Dienstag, 9. Februar 2010

Warum die Unterschicht früher stirbt: Prävention und Ernährung

So heute mal etwas Sozialkritisches (muss auch mal sein, weil wichtig) und zwar über den Zusammenhang zwischen Gesellschaftsschicht, man kann auch sagen: Geldbeutel, und Gesundheit, insbesondere gesunder Ernährung. Es ist schon viel zurecht geschrieben worden, dass die Mitglieder der Unterschicht tendenziell kränker als die der Mittelschicht sind, da sie tendenziell ungesünder leben (ja, natürlich nicht alle, aber Ausnahmen bestätigen die Regel). Dazu gibt es schöne Statistiken, die belegen, dass in der Unterschicht prozentual häufiger und mehr Alkohol getrunken wird, häufiger und mehr geraucht wird sowie fetter und ungesünder gegessen wird. Stichwort: kurz mal zu McDonalds oder eine Currywurst mit Pommes (oder dem Kind kurz mal paar Euro dafür geben, dann nervt es einen nicht mehr) - hingegen Gemüse und Obst sowie Kochen mit frischen Zutaten und ausgewogene Ernährung Mangelware.

Zum letzten Punkt haben Thilo Sarrazin und andere schon viel gesagt und geschrieben. Über Sarrazin kann man (zurecht) streiten. Manches, was er von sich gibt, liegt neben der Sache und ist unüberlegt. Manche Themen treffen jedoch den Nagel auf den Kopf und geben dazu noch die Meinung weiter Teile der Bevölkerung wieder. Und meines Wissens und meiner Meinung nach gehört die berühmte Aussage mit dem zu fetten Essen und nur Tiefkühlsachen oder ähnlichem statt Kochen mit frischen Zutaten von insbesondere Hartz-IV-Empfängern dazu. Das ist viel Wahres dran. Man darf dazu nicht vergessen, dass dies auch eine Sache des schmalen Geldbeutels ist, aber auch von Nichtwissen und Bequemlichkeit in der Unterschicht.

Laut mehreren Studien und damit zusamhängenden Angaben des Tagesspiegels (Artikel "Viel mehr geht nicht" von David Lerch, Wirtschaftsteil, S. 27,  07.02.2010) achten rund ein Viertel der deutschen Haushalte Experten zufolge beim Lebensmittelkauf ausschließlich auf den Preis.
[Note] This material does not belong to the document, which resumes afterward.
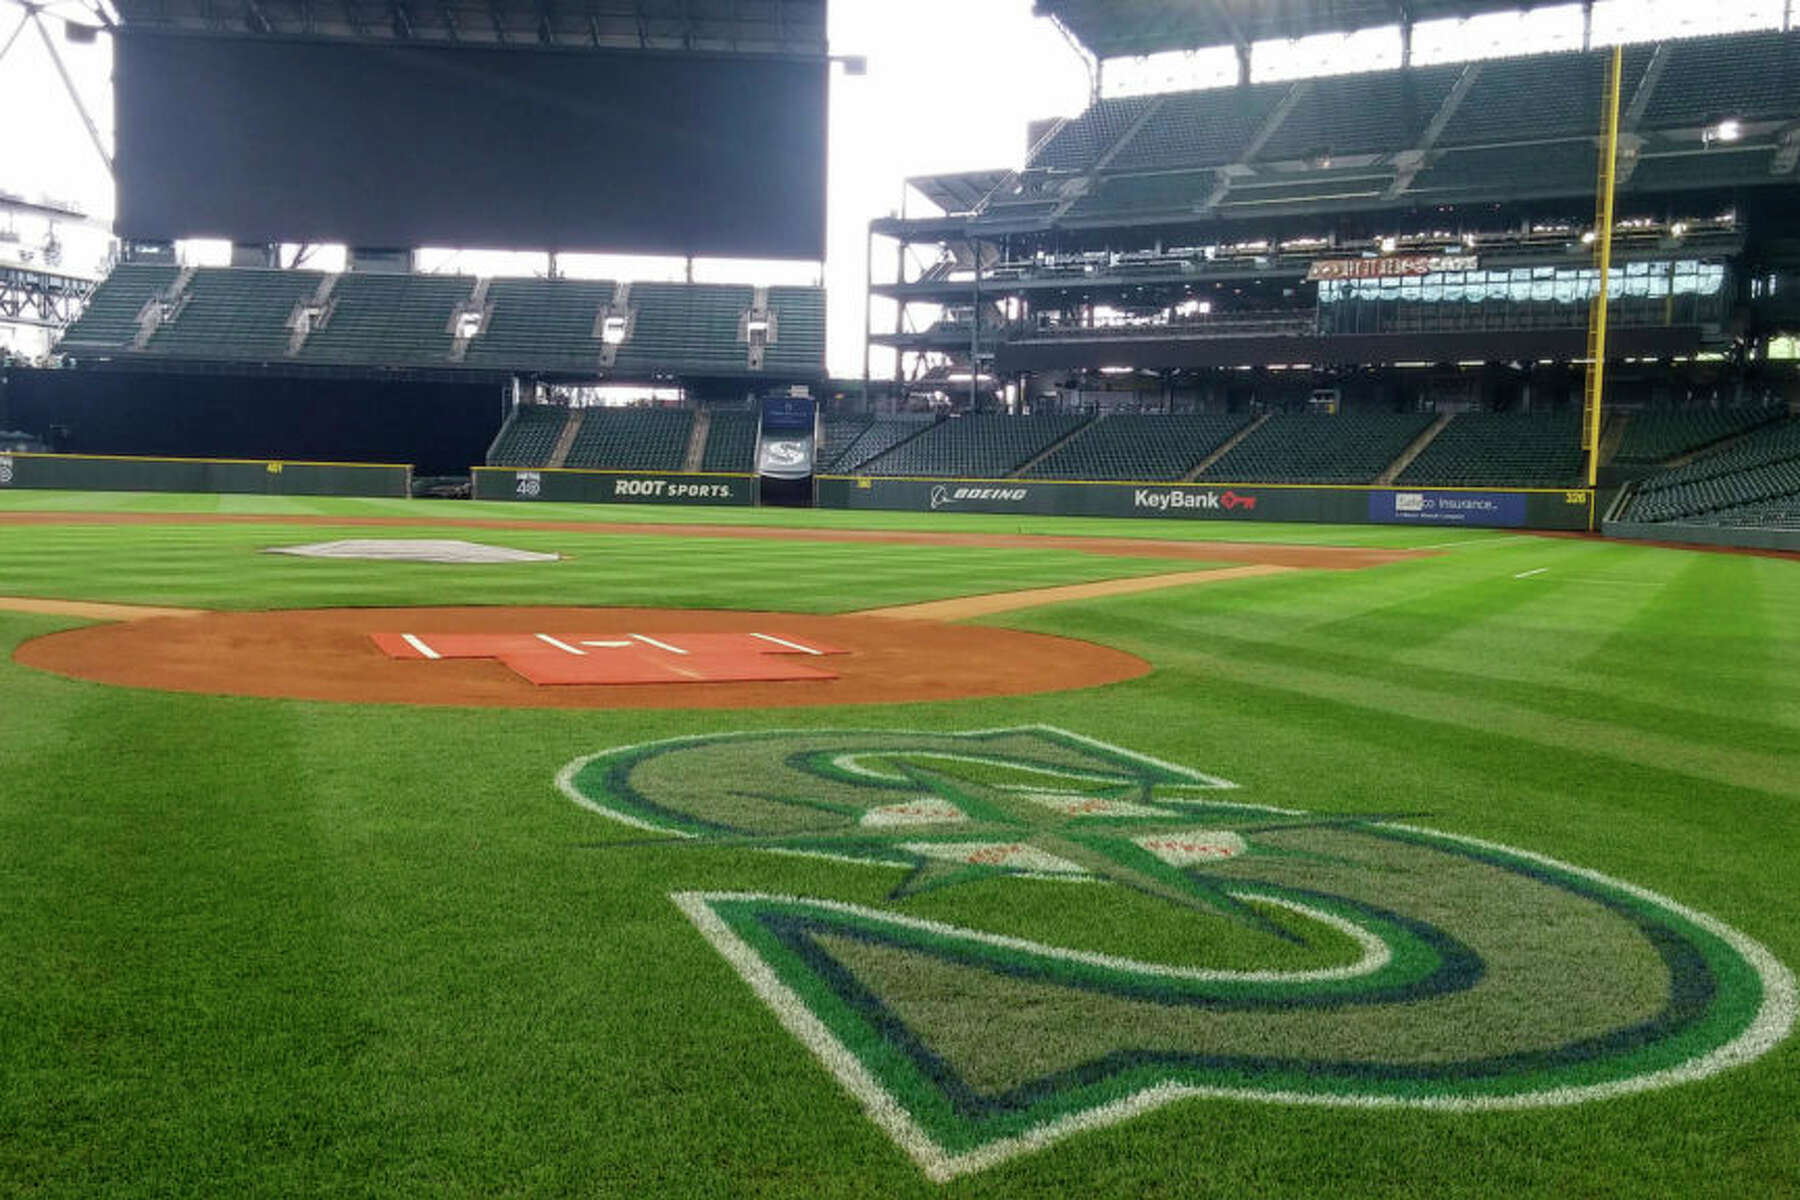 Mariners Install New Playing Surface at Safeco Field, by Mariners PR

Und ich füge hinzu: sie müssen darauf achten, denn das sind in aller Regel die Millionen von Hartz-IV-Empfängern, Rentnern (nicht die vielen wohlhabenden superfitten Nordic Walkern in unseren Parks und Wäldern), Alleinerziehenden usw. Das führt dazu, dass diese fast ausschließlich bei Discountern einkaufen und ganz oft Lebensmittel kaufen, die sich gerade im Angebot befinden. Das muss per se noch nicht heißen, dass die Qualität der Lebensmittel schlechter als woanders ist oder gar die Gesundheit dieser Klientel gefährdet, aber oft wird es der Fall sein.

Denselben Experten zufolge orientiert sich die Mittelschicht eher an der Qualität der Produkte als am Preis. Logisch, denn sie haben ja die finanziellen Mittel für dieses Vorgehen, anders als die vorhin Genannten. Der Werbeslogan "Geiz ist geil" einer großen Elektronikkette über lange Jahre ist damit längst Geschichte (kein Wunder, dass diese Kette diesen Claim vor einiger Zeit zugunsten eines anderen harmloseren aufgab). Sitten und Einstellungen ändern sich, auch von Schichten.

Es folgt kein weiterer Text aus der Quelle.